ABOUT THIS TASK: Below are records with pictures in them. Output exactly the lines from the one with "Ignace Joseph de" through the one with "Himmelfarb Library Annual Art Show", both included, and leave every picture out; give only those lines.

DATA PROVIDED:
☆ ☆ ☆ ☆ ☆ ☆ ☆

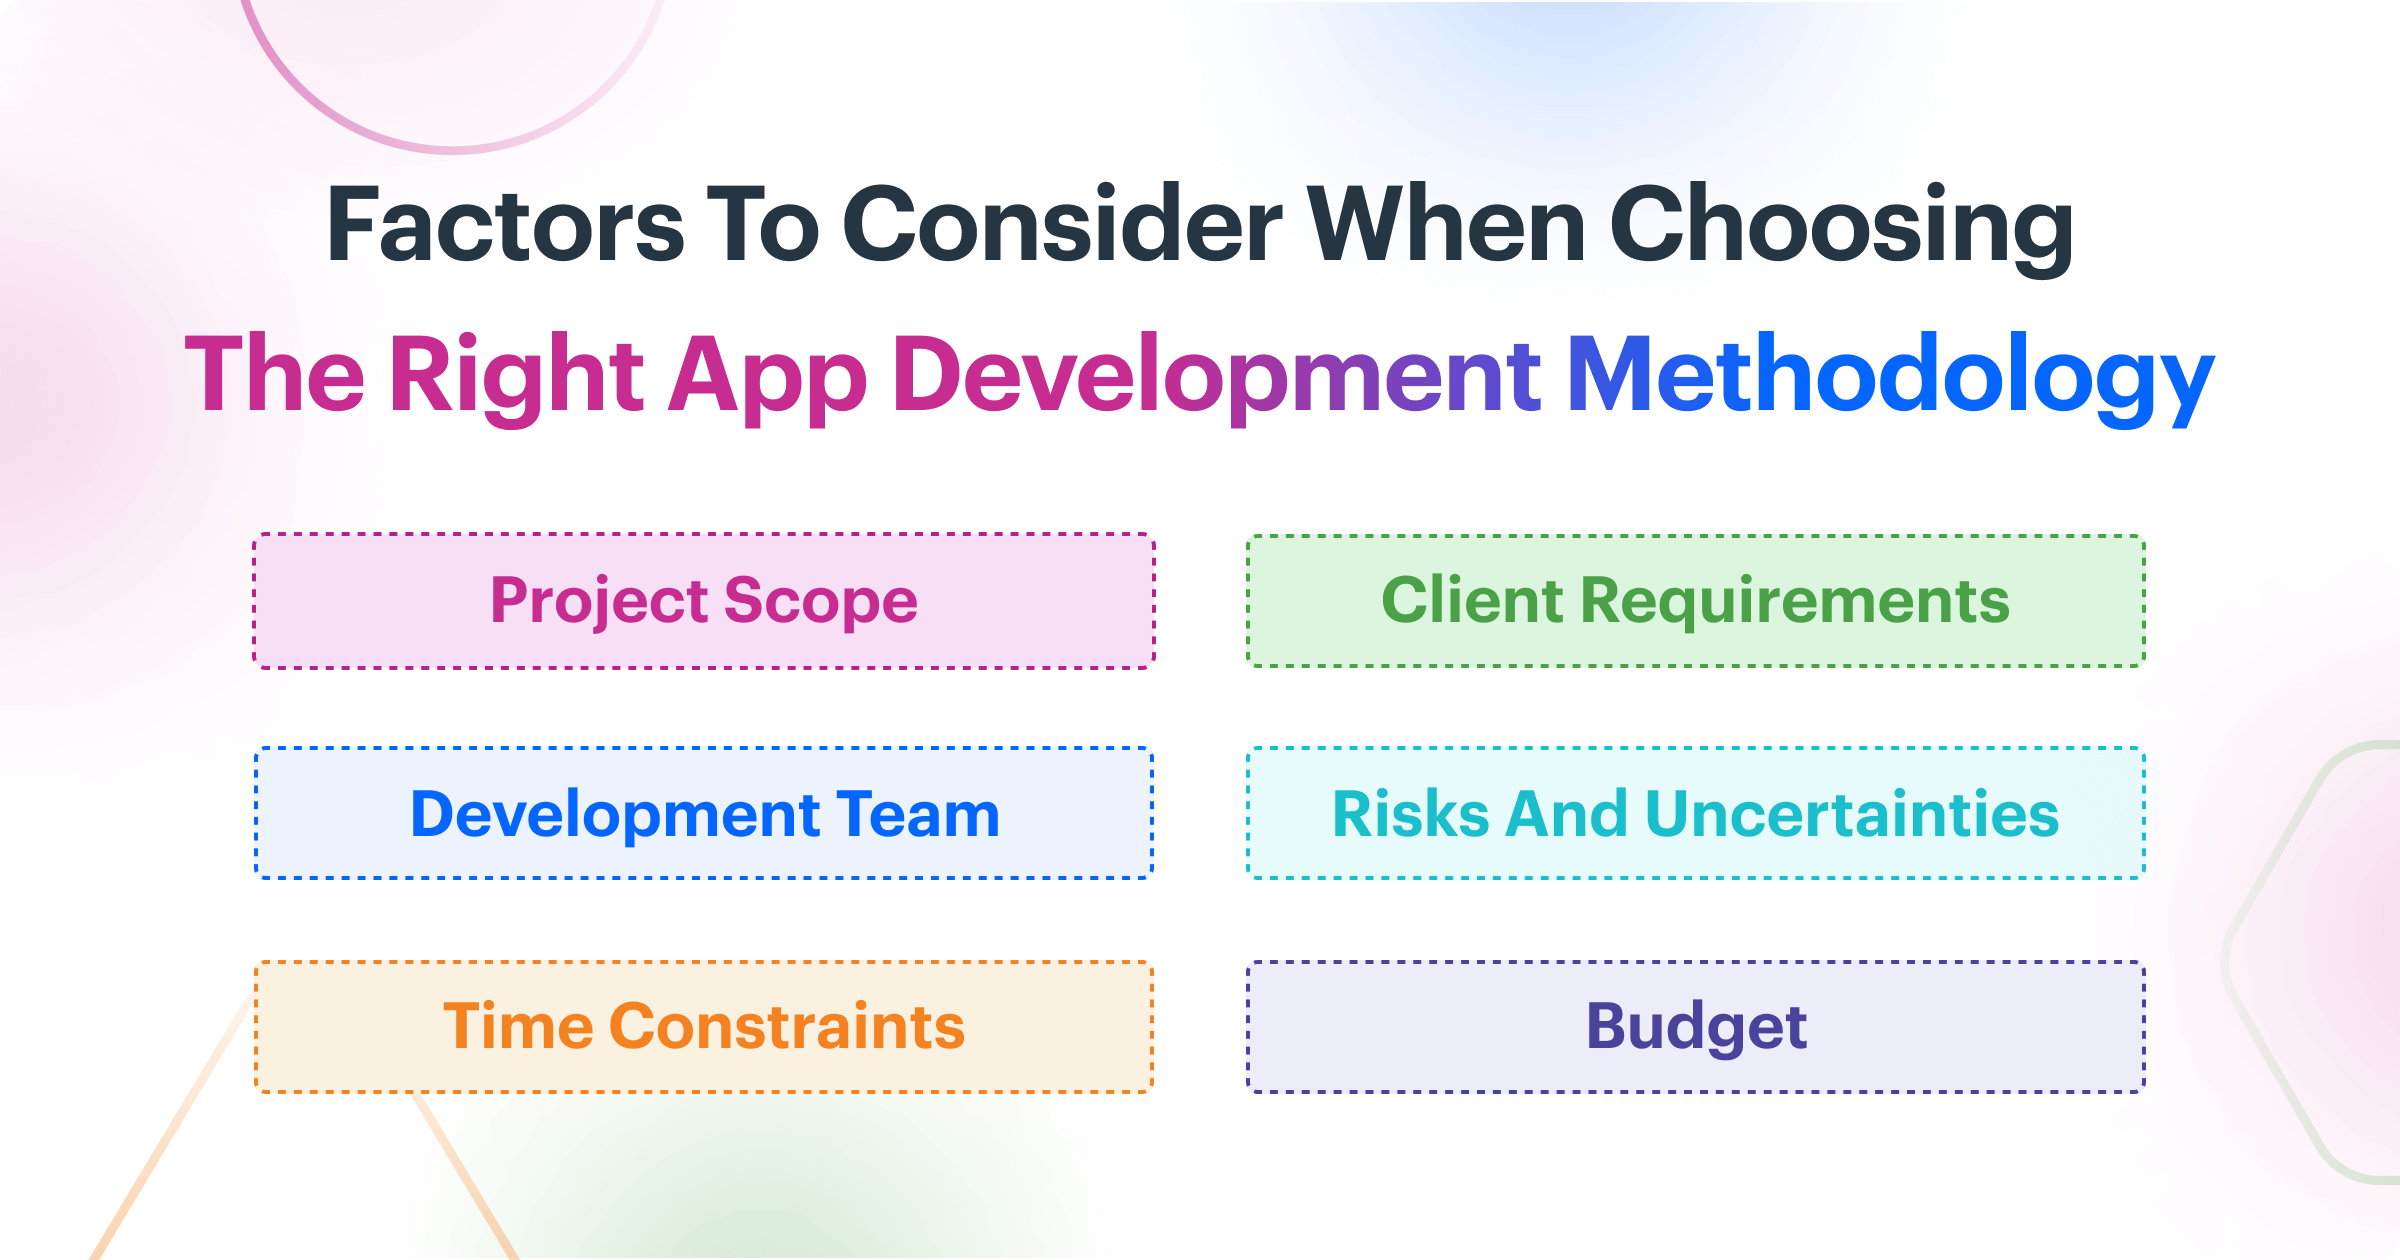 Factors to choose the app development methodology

☆ ☆ ☆ ☆ ☆ ☆ ☆

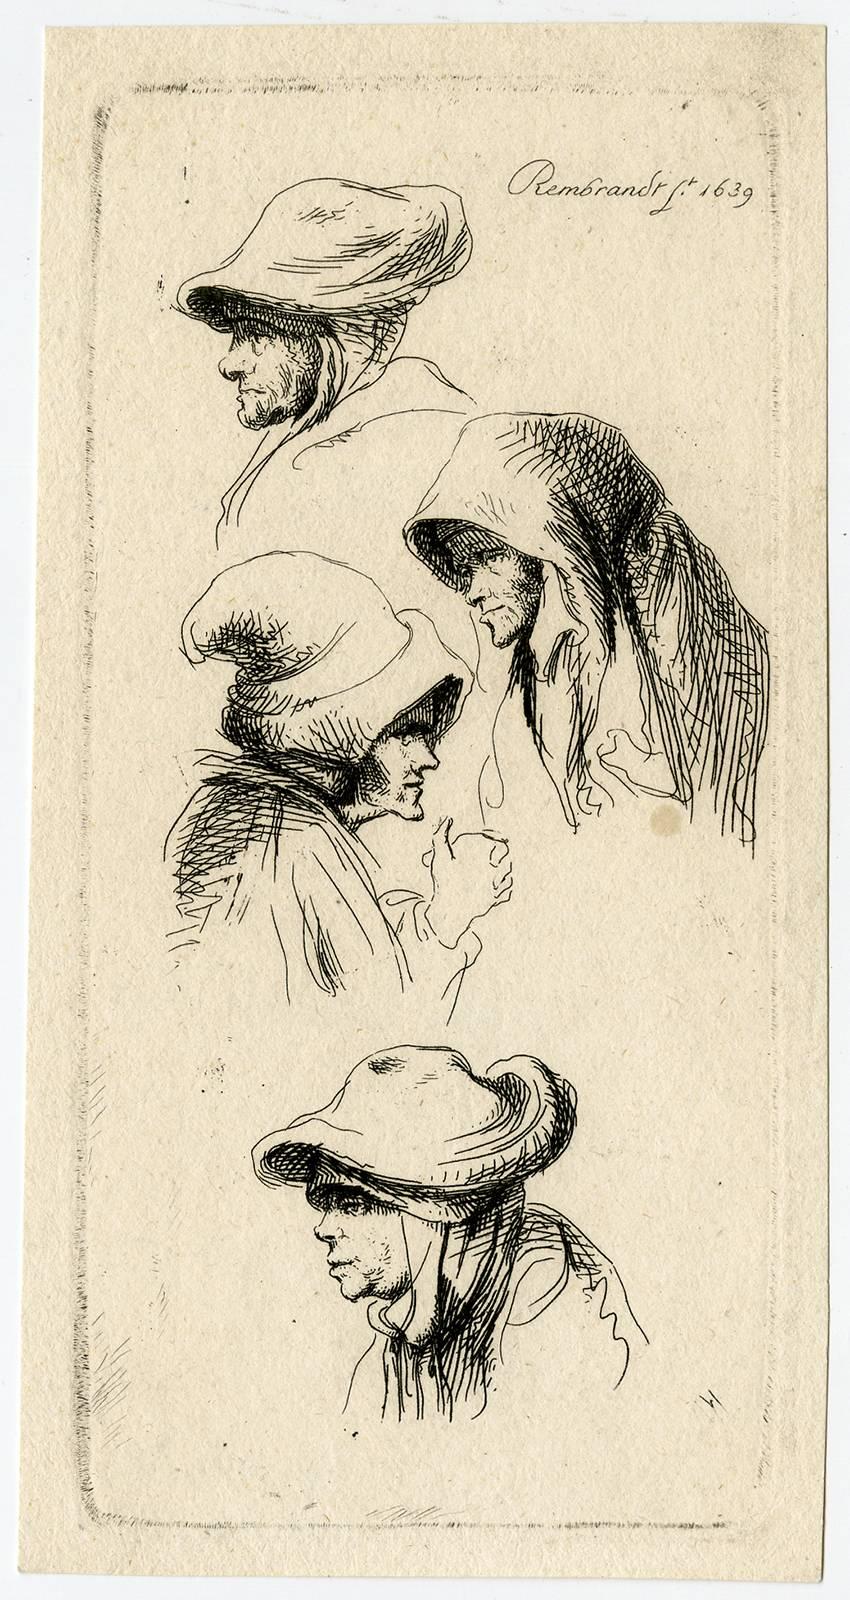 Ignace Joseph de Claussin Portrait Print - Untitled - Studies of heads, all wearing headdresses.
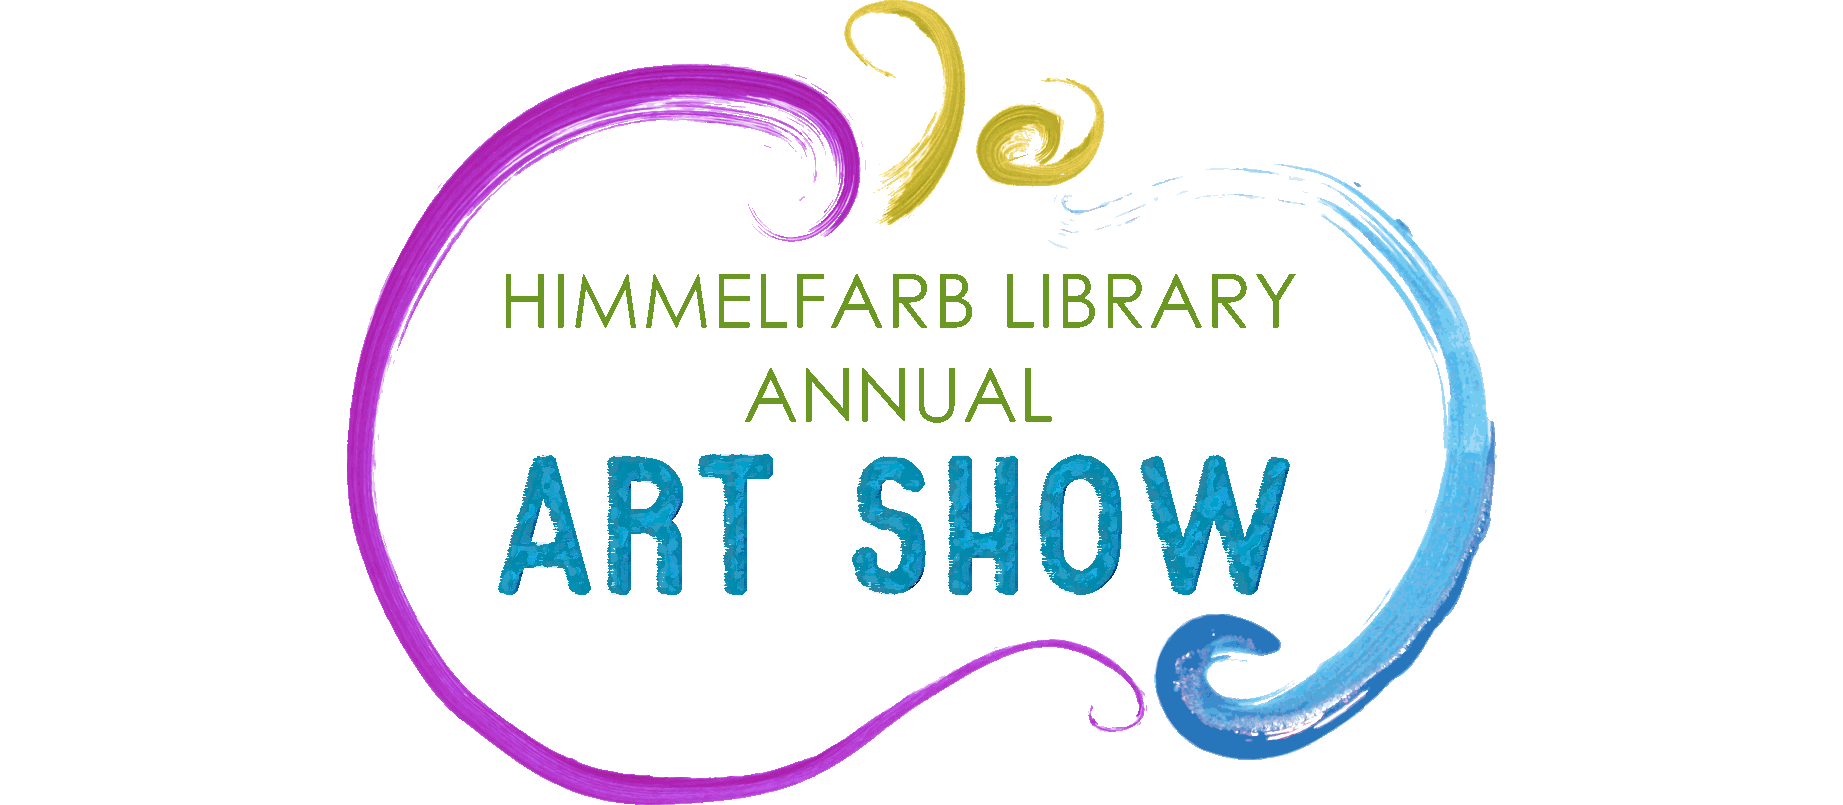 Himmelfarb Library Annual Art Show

☆ ☆ ☆ ☆ ☆ ☆ ☆

ANSWER FOR THE TASK:
 Ignace Joseph de Claussin Portrait Print - Untitled - Studies of heads, all wearing headdresses.
 Himmelfarb Library Annual Art Show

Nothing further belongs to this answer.